Lendo Byung-Chul Han, noto que Dostoievski foi profético. Se muito do que ele escreveu for profecia, não tenho como lhes apresentar uma solução para o que Byung-Chul Han nos apresenta.  A profecia é sempre um testemunho de impotência diante da destinação. 

Mas uma literatura profética também indica haver sobrevida possível.  Onde então posso encontrar meios de sobrevivência?  Tem um farol na vetusta Patrística. 

«Padres do deserto» é uma expressão que designa um fenômeno ocorrido durante a dissolução da civilização romana cristianizada e aluvião das tribos pagãs. Há algum paralelo entre o que vivemos hoje e o que aconteceu há mais de um milênio e meio atrás. Para os cidadãos de então, como nós, havia sensações de insegurança quanto ao modo de vida conhecido, de incerteza sobre o porvir cultural que predominavam sobre as de estabilidade, de continuidade e de coesão sociais. Esses «padres do deserto» deram expressividade a essas sensações convulsivas como nenhum outro modo de pensar foi capaz até hoje. Esta expressividade nos foi legada através dos apotegmas, que são pequenas estórias nas quais uma frase atribuída a um padre do deserto lhe dá sentido. Historicamente, esses «padres do deserto», pelo exemplo de vida e ensinamento, criaram o modelo das regras monásticas, tão importantes que foram para a preservação da memória civilizatória ao longo dos séculos de diluição proporcionada pelas chamadas «invasões bárbaras» às então correntes relações sociais citadinas; choques culturais em tempos de intensos fluxos migratórios num mundo conhecido como tal. Aliás, nenhuma imagem talvez capte tão bem um ideal de estabilidade do que a de um mosteiro milenar encarapitado no alto de um penhasco.

A linguagem usual sobre compliance parece tributária de uma ideia de «salto para cima». Que haja um estado culminante de ser si-mesmo a ser aspirado com o propósito da realização processual e sistemática de um projeto. Só que não faltam apotegmas que coloquem em xeque a sinceridade e a autenticidade de propósitos moralizantes apresentados como metas voltadas à própria reputação.
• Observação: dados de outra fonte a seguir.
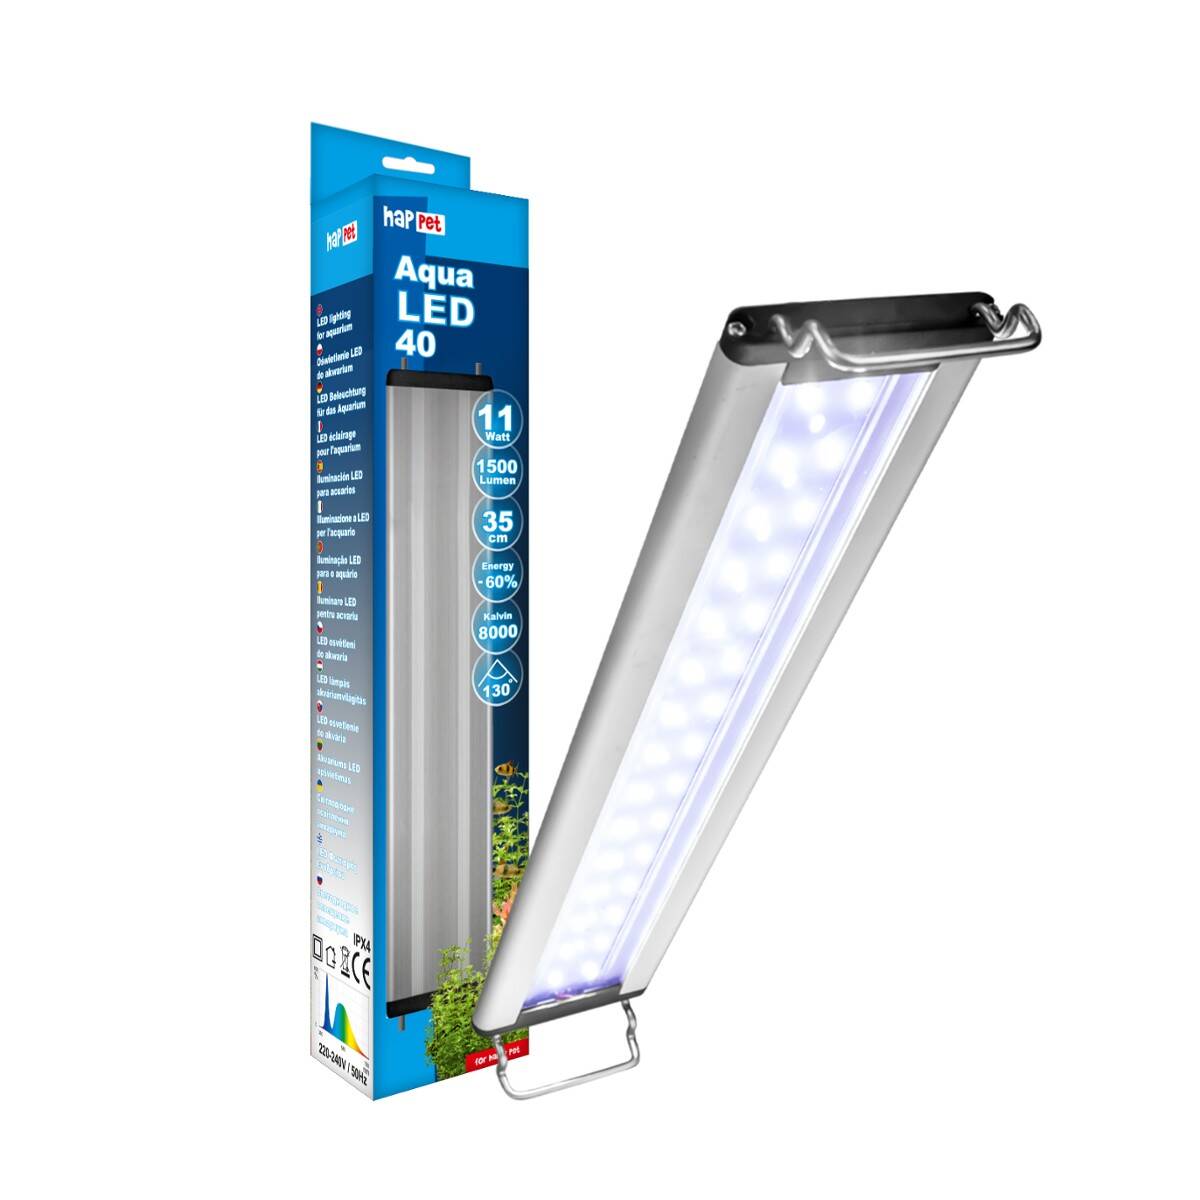 Aqua LED-Lampe 32W/112cm Happet (S-LB28JW)

Os «padres do deserto», quando falam de estabilidade, não dizem que ela esteja numa aspiração bem intencionada de algo proposto para além. Mas, em autossuportar, num sentido muito mais psicanalítico (falo do cuidado de si) do que de desempenho performático. 

Para situações de incerteza, há o conselho que nos foi legado no Apotegma 878 da Apophthegmata Patrum Aegyptiorum «Filho, se queres ter proveito, permanece em teu próprio claustro, presta atenção em ti mesmo e em teu trabalho manual. Pois, ao sair por aí não teria o mesmo progresso profícuo que no silêncio presente de seu lar.»

Pronto.  Um monólogo acabado.  Claudia, devolvo-lhe a palavra.